Lee Enterprises, the corporate parent company of the Corvallis Gazette-Times, the Albany Democrat-Herald, and the Lebanon Express, abruptly closed their Missoula Montana alt weekly, the Missoula Independent last month amid union negotiations. Lee also owns the daily paper in Missoula, and this is not their first trouble with unions in that community.
When he was Editor for Lee Enterprises at the daily Missoulan back in 2005, current Corvallis Gazette-Times editor Mike McInallly was accused of interfering with unionization.
As past Missoulan reporter Robert Struckman, later writing for Dissent Magazine, tells it, “My editor, Mike McInally at the Missoulian in Missoula, Montana, called me into his office one day in 2005 and asked me to close the door. He said that if he ever got wind of union talk from me again—anything at all—he’d fire me.” Struckman now reports working for the AFL-CIO as a Senior Speechwriter and Editor.
In response to Struckman’s assertions, McInally told The Advocate, “Bob Struckman and I have very different recollections of that encounter. I don’t recall ever saying anything like that.”

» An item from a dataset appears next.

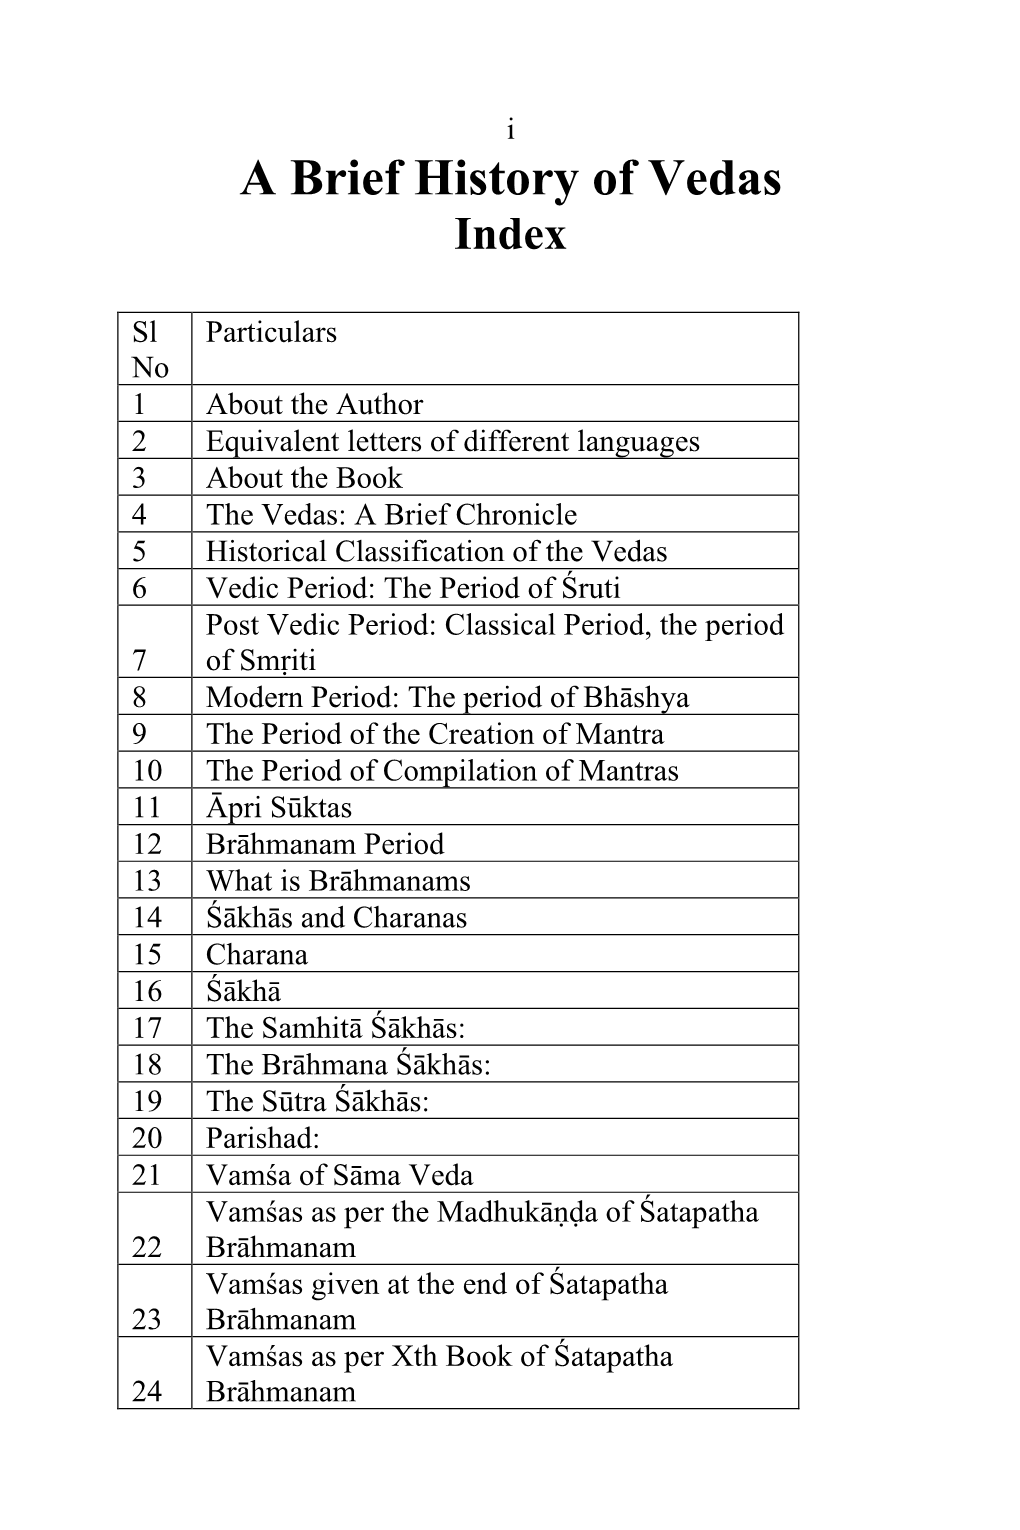 A Brief History of Vedas Index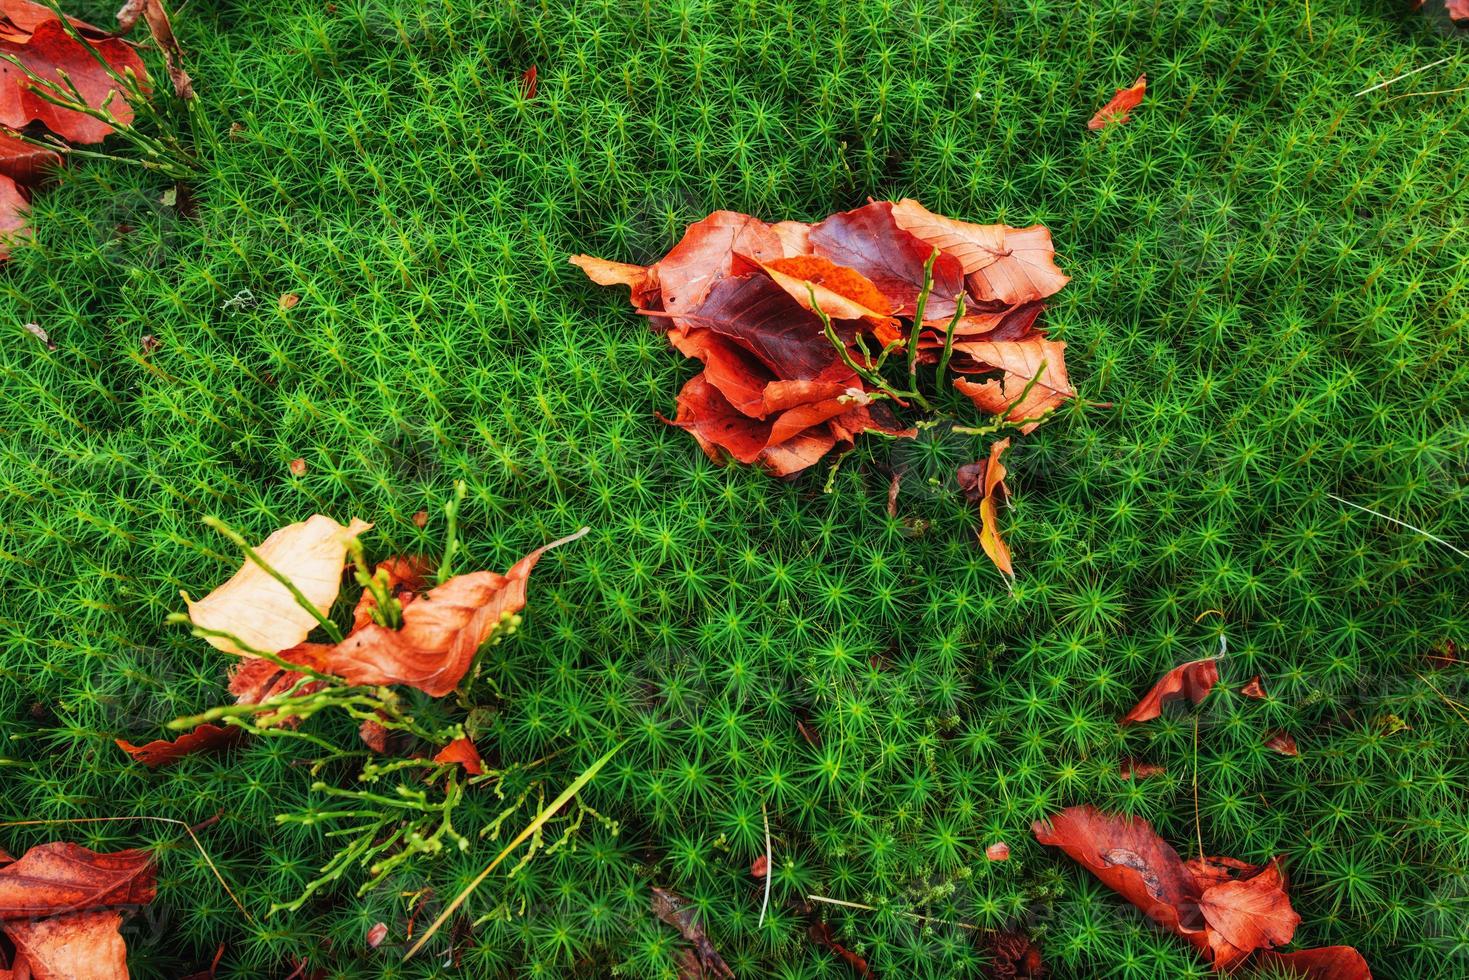 foglia d'acero rossa su terreno verde muschio foto

Lee had only just purchased the decades old alt weekly in April of 2017, but corporate consolidation of local news is nothing new. Just look no further than the dailies in Corvallis, Albany and Lebanon. The corporate shuttering of competitive alt-weeklies is not unheard of either, as is evidenced by the unfortunate fates of the Baltimore City Paper and Knoxville’s Metro Pulse. The latter was even still turning a small profit at the time of its demise. Specifically in the media industry, these kinds of absorptions of competition are as frequent as the rain.
In the instance of the Indy, Lee closed it so suddenly that staff showed up to work one morning only to be met with locked doors.
Despite having a monthly budget in the red, the staff at the alt-weekly had decided to unionize in April. Staff writer Derek Brouwer told Spokane’s Inlander that he believed that unionization would help to heal the public’s newfound distrust of the once beloved paper due to corporate acquisition. The closure came in the midst of (somewhat) heated negotiations between the union and the news behemoth regarding staffing cuts, and the relocation of the Indy offices into the Missoulian headquarters.
The paper’s online archives were also purged from existence, which makes seeking new work more difficult for reporters, generally speaking.